- Born: Atlanta, Georgia
- Education: The University of Utah
- Occupations: Television Personality, Actress, Producer
- Awards: Emmy Award

= Lorna Balfour =

American producer and journalist

Lorna Gabrielle Balfour is an American Emmy Award-winning producer and journalist. She is Caribbean-American, with both of her parents hailing from the West Indian country of Trinidad and Tobago.

== Early life and education ==
Raised in Salt Lake City, Balfour attended private liberal arts institution, The Waterford School.

Balfour then attended The University of Utah, where she created her own interdisciplinary bachelor's degree.

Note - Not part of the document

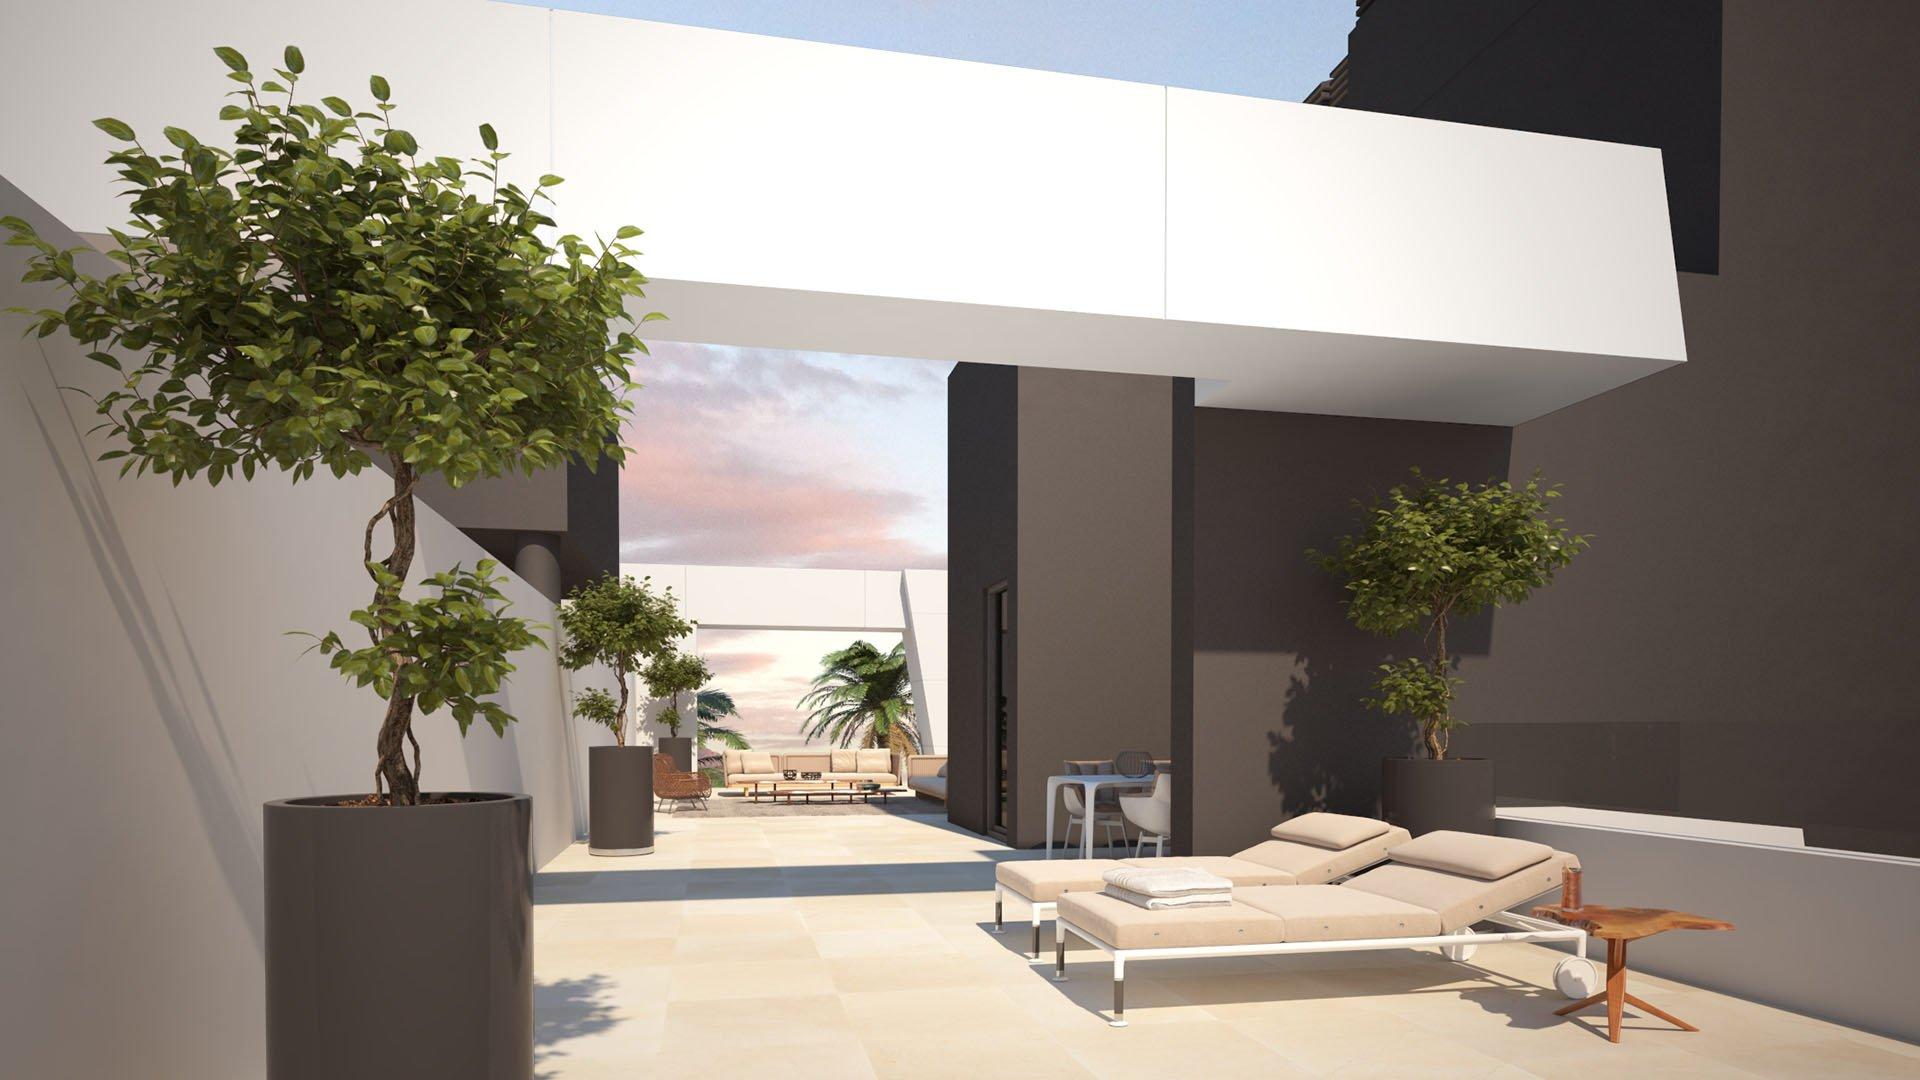 La Montesa : Luxe appartementencomplex nabij Marbella

Her studies focused mainly on broadcasting, production, and marketing. She graduated May 5, 2016.

== Career ==
Balfour had roles in productions filmed in Salt Lake City, such as Touched By An Angel, Everwood, High School Musical 3: Senior Year, and a few other Disney Channel movies.

KSL-TV is the station where Balfour spent time working as a weekend news producer and reporter. Balfour reported on the on-air segment of ‘Your Life Your Health’ and wrote articles for the KSL 5 website’s news features.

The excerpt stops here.